Thanos is present in Lumie, but only part of the usual Thanos stack is active. Today it is a query layer in front of Prometheus sidecars, not a long-term metrics archive.

Source paths

  • lumie-infra/observability/thanos/argocd.yaml
  • lumie-infra/observability/thanos/helm-values.yaml
  • lumie-infra/observability/thanos/common-values.yaml
  • lumie-infra/observability/prometheus/helm-values.yaml

Active components

  • query.enabled: true
  • queryFrontend.enabled: false
  • storegateway.enabled: false
  • compactor.enabled: false
  • receive.enabled: false
  • ruler.enabled: false

What it really does today

  • Grafana uses Thanos as its default Prometheus-compatible datasource.
  • Query uses DNS discovery against prometheus-kube-prometheus-thanos-discovery in the prometheus namespace.
  • Deduplication is enabled through --query.replica-label=prometheus_replica, even though Lumie currently runs a single Prometheus replica.

Current limitation

existingObjstoreSecret: thanos-objstore-secret is still rendered, but Prometheus has objectStorageConfig removed and Thanos Store Gateway and Compactor are off.

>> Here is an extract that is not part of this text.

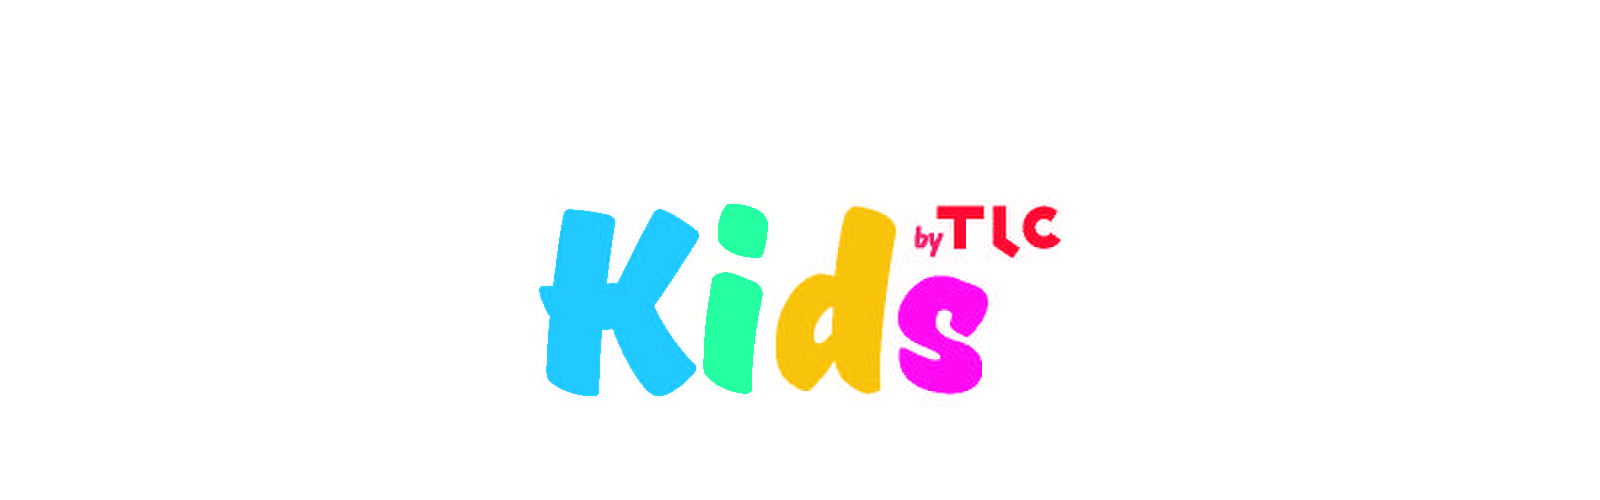 Logo TLC Kids, s.r.o.

In practice that means:

  • no long-term block upload from Prometheus
  • no historical object-store reads from Store Gateway
  • no compaction or downsampling jobs

Treat the deployment as query-only unless the repo re-enables those pieces.

Failure modes

  • Teams may assume Thanos implies long retention; the repo does not back that up today.
  • If Prometheus or its sidecar service is unavailable, Thanos Query loses data immediately because there is no Store Gateway fallback.
  • Because Grafana defaults to Thanos, datasource errors there can look like broad metrics outages even when Prometheus itself is healthy.

Verification

kubectl get applications.argoproj.io -n argocd thanos
kubectl get pods -n thanos
kubectl describe deploy -n thanos thanos-query
kubectl get svc -n prometheus | rg thanos